_GIVEN INFORMATION:_
-.-.-
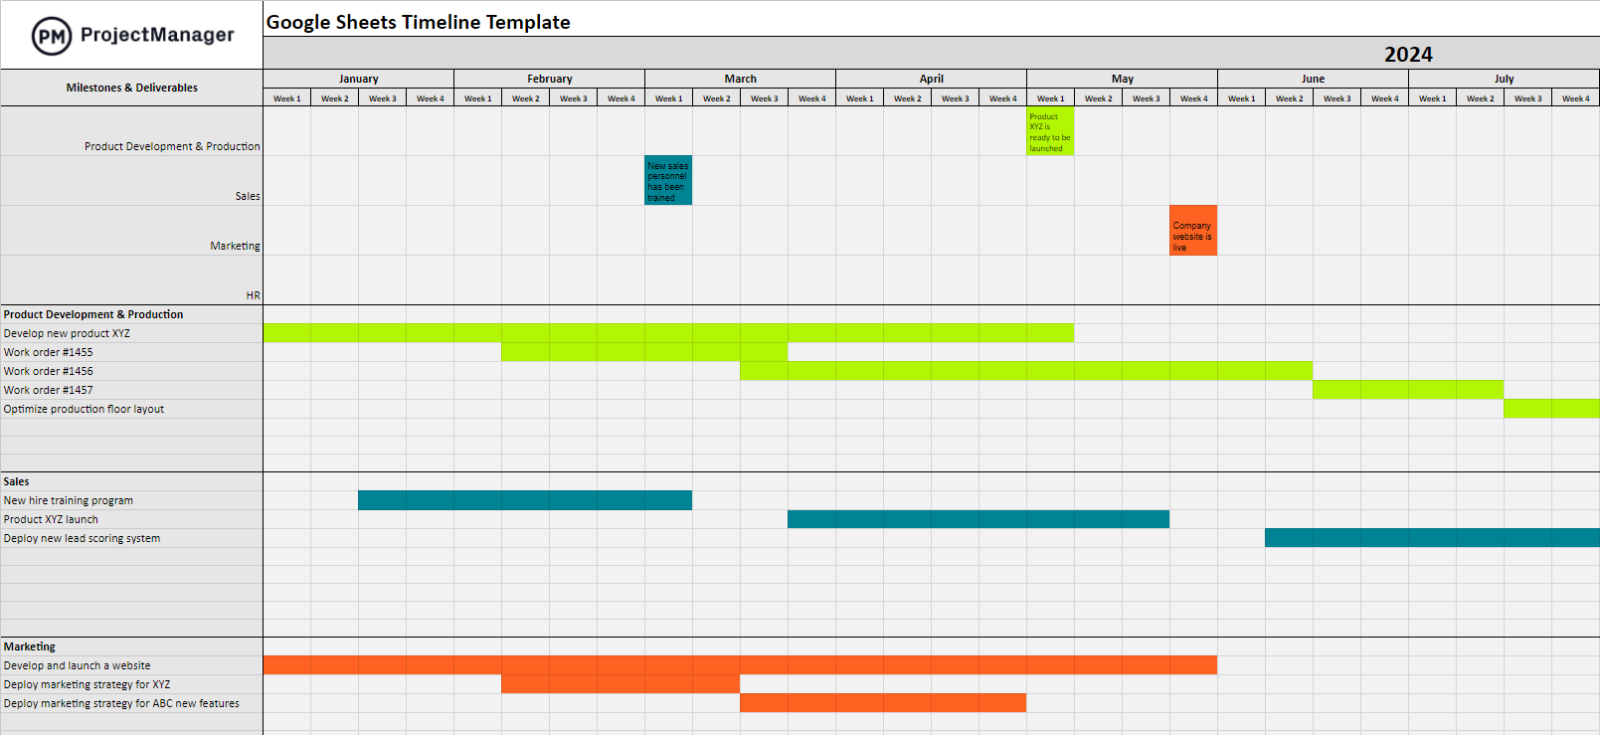 ProjectManager's timeline template for Google Sheets
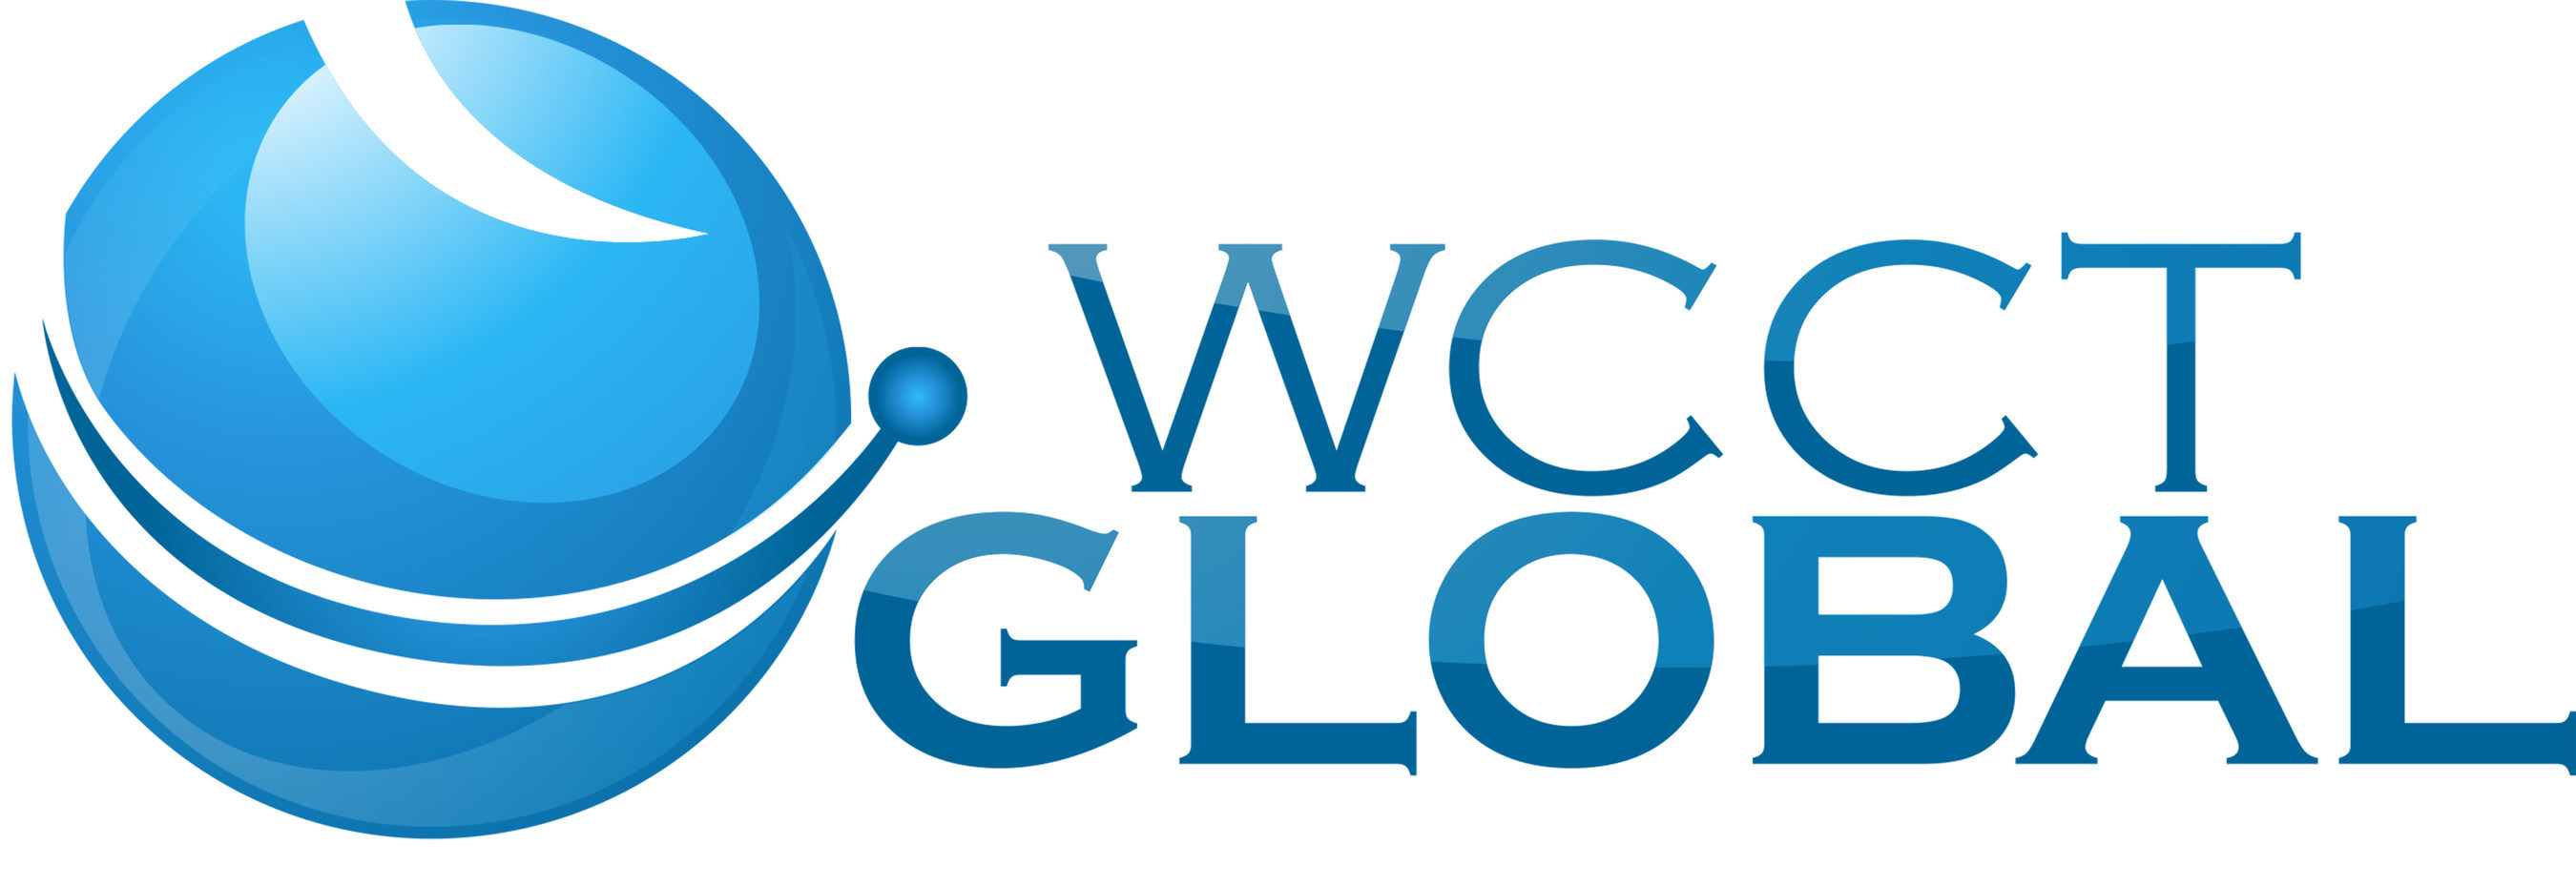 WCCT Global, Inc., a multisite, full-service contract research organization (CRO) specializing in research services to the pharmaceutical, biotechnology and medical device industries, announces that Melton Affrime is appointed President and David Charlot appointed CEO.
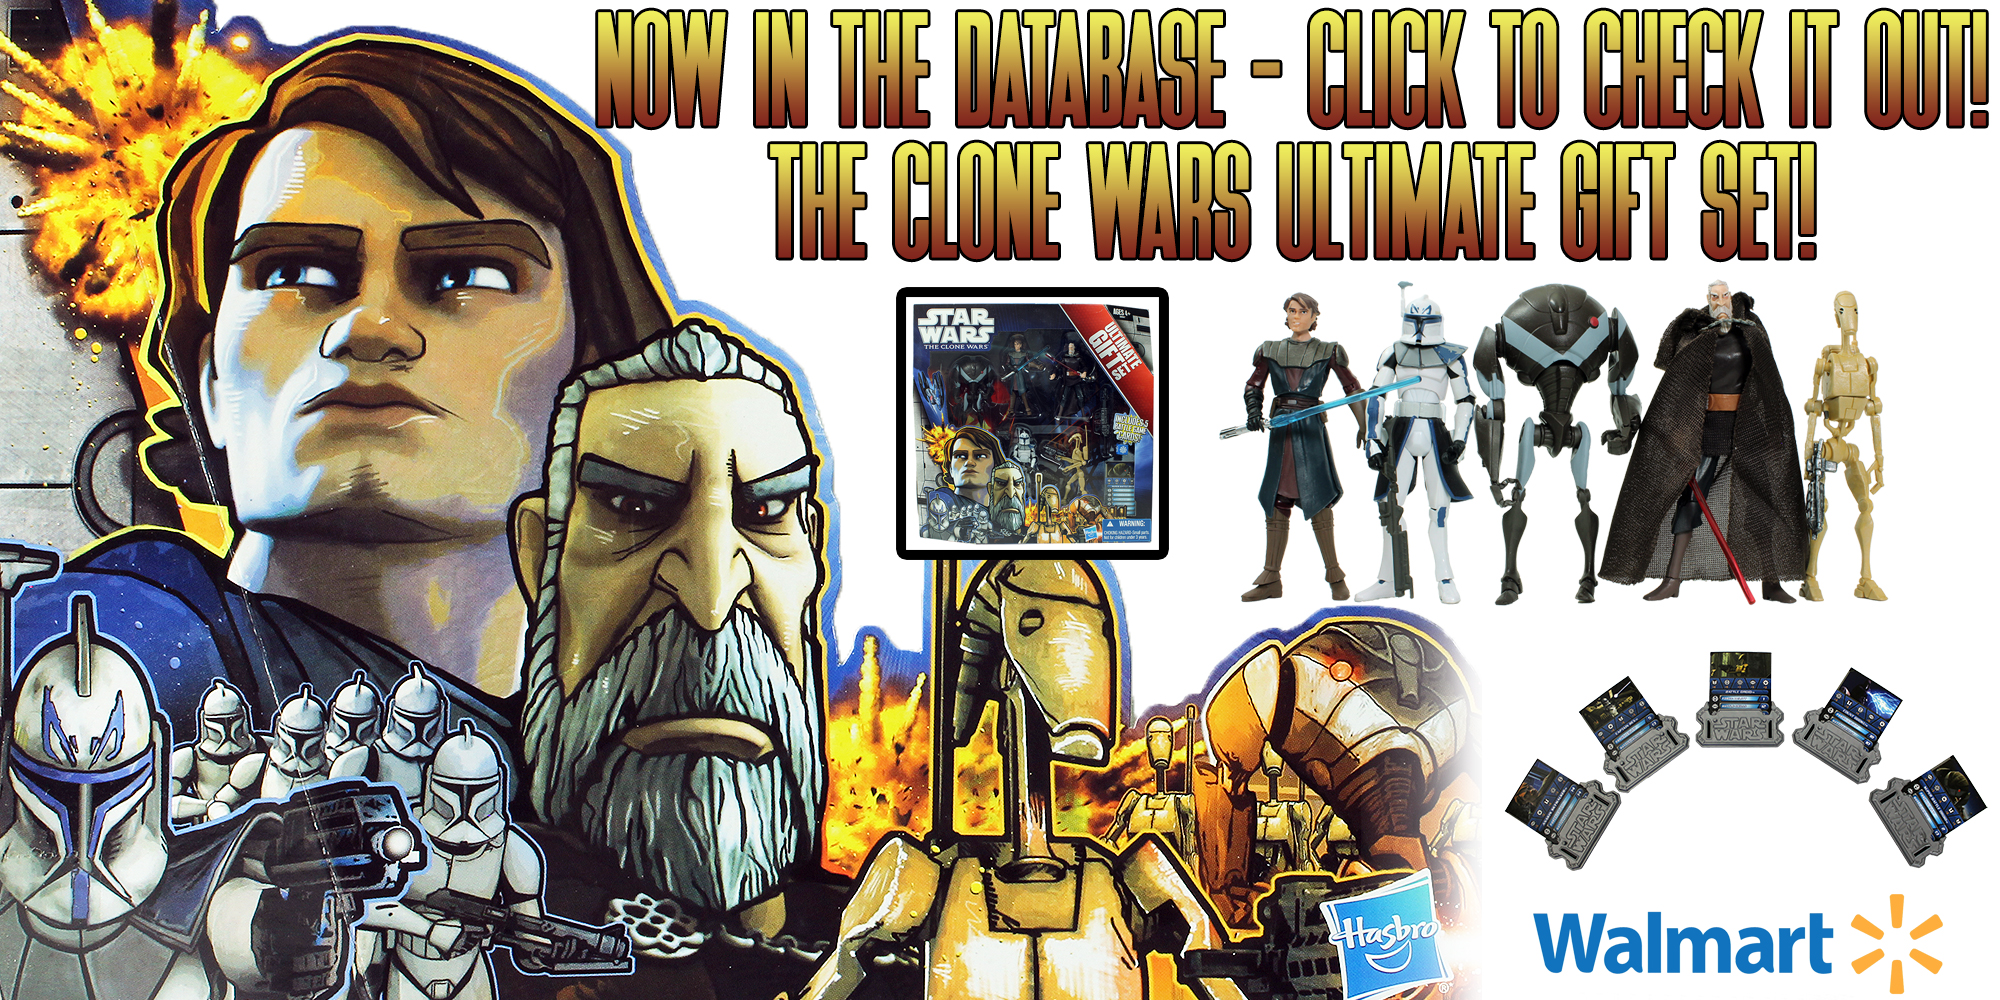 New Addition: The Clone Wars Ultimate Gift Set 5-Pack
-.-.-
_TASK BRIEF:_ Give back each line above exactly, with pictures dropped.

_RESPONSE TO THIS EXERCISE:_
 ProjectManager's timeline template for Google Sheets
 WCCT Global, Inc., a multisite, full-service contract research organization (CRO) specializing in research services to the pharmaceutical, biotechnology and medical device industries, announces that Melton Affrime is appointed President and David Charlot appointed CEO.
 New Addition: The Clone Wars Ultimate Gift Set 5-Pack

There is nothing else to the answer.